Powering through the lamp-lit streets I make a mission of giving out my doughnuts to whoever takes my fancy. I eye a street cleaner… ‘Will he get my doughnuts?’ I pass without him returning my intense gaze and he is now in the distance - I guess not! I feel sad I really wanted to give him some.
I pass business men, buskers and theatre goers and still three boxes remain in my weakening arms. I'm feeling rejected and slightly guilty about my desire to spread sweetness and joy to metropolitan Melbourne - what am I really doing? Who am I? According to folk at the party I just catered I’m an odd Irish lass here on a working holiday visa. I feel slightly nervous at how this conclusion was drawn – apparently it was my accent – I must be slurring my words again.
I pass a party of three - two men and a lady. A man wearing a striped shirt is looking intently at me. Does he want my doughnuts? He hasn’t grabbed the box out of my arms so he mustn’t. I smile and keep walking.
What to do what to do? I wait at a traffic light and pan the streetscape. No one seems interested.
‘Excuse me, excuse me,’ I see the striped shirt man running toward me. ‘Excuse me I was ah just wondering if um, if you knew anywhere around here which is nice for a quiet drink…I just thought you might know’ he stares at my top ‘you seem like you might know this area well, like you’re a local.’ Does he want me, or my doughnuts? I feel that odd Irish lass return…
I look around trying to get my head around the area and the quiet drink nightlife. ‘No I don’t um hmmm no I don’t know anywhere. I don’t even know where I am anymore. It’s got to that point you know, in the night when you’re tired I think and you well you don’t know where I don’t know what’s going on anywhere. I don’t even know’ I stop. ‘But you can have a box of doughnuts if you like!’ I push a box eagerly in his direction. He shakes his head disappointed.

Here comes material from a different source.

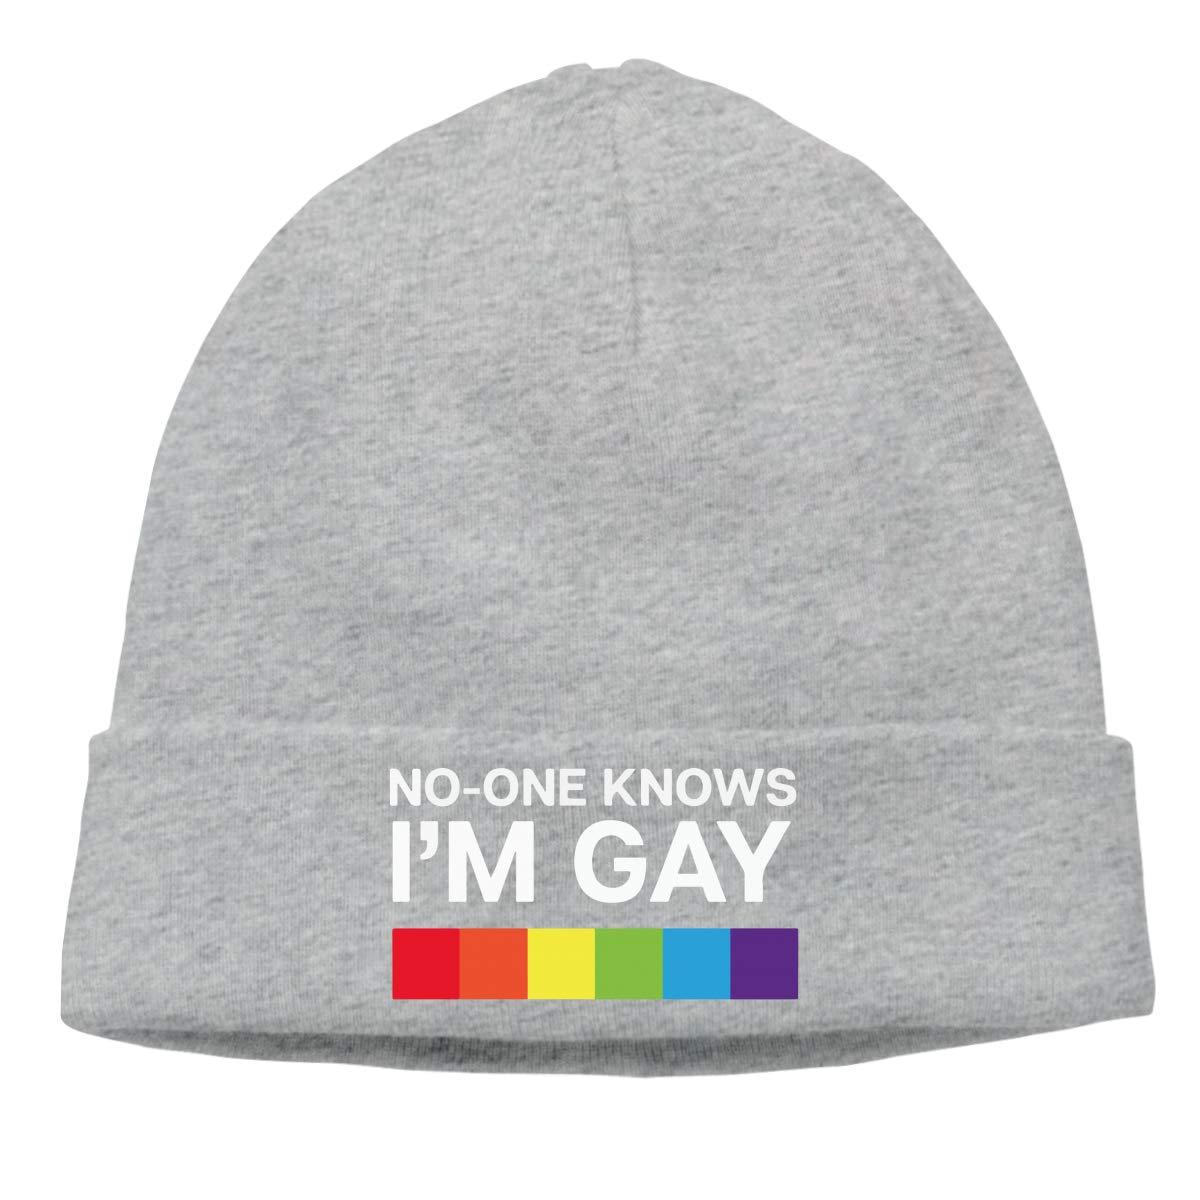 Men Women No One Knows Im Gay Soft Knit Beanie Caps

‘Toot!!!Toot!!’ A car pulls up beside me. ‘Hello! Hello! Krispy Kreme! Krispy Kreme!!’ A hysterical woman leans out of her open window with that certain gleam I’ve been looking for radiating from her eyes. ‘Hello Hello Kripsy Kreme! Where did you…’

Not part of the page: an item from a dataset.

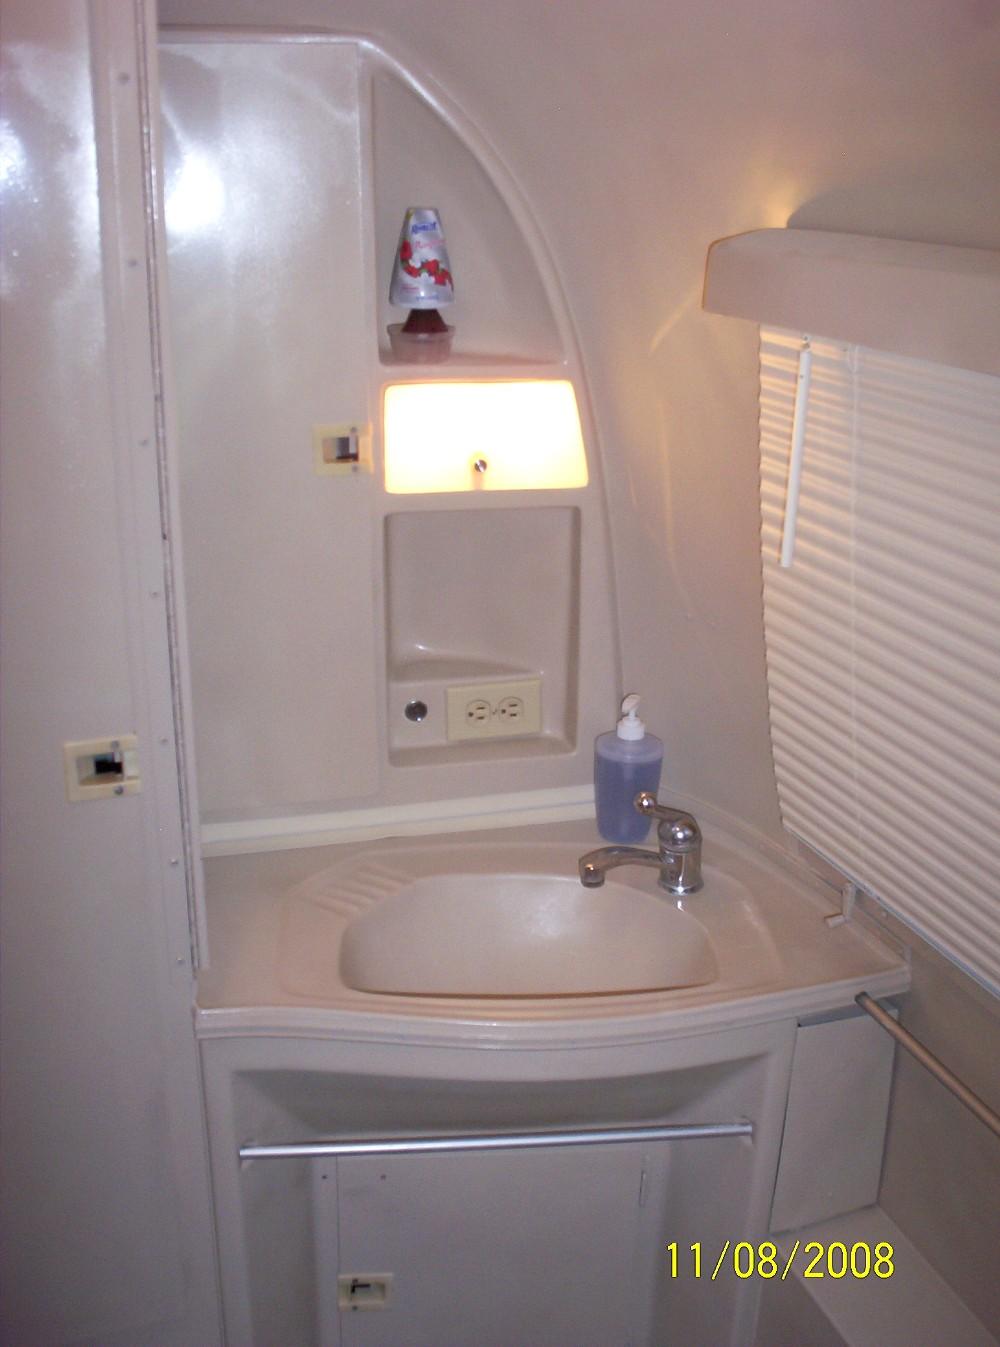 Click image for larger version  Name:Bella Bathroom 1.JPG Views:143 Size:210.1 KB ID:73401

I know what she wants. I run up to the car toward the lucky receiver. I pass her one box through the window – she squeals with glee. Moved by the joy I give her another. The traffic light turns from red to green and she drives off screaming ‘Thankyou Krispy Kreme’. My heart feels warm – I have brought unimaginable, spontaneous happiness into a stranger’s life, not to mention her families, friends and workmates.
I walk back to the footpath feeling the hero. The striped shirt is waiting. ‘So you don’t know anywhere? Anywhere at all for a nice quiet drink?’
I shake my head. ‘And you don’t want any doughnuts?’ He shakes his. I shrug my shoulders - meaning to say I give up I can't help - and he reluctantly wanders back up the street.
I cross the street and survey the human life. What are they after? It’s all a lot simpler when they toot out and they’re just after your doughnuts.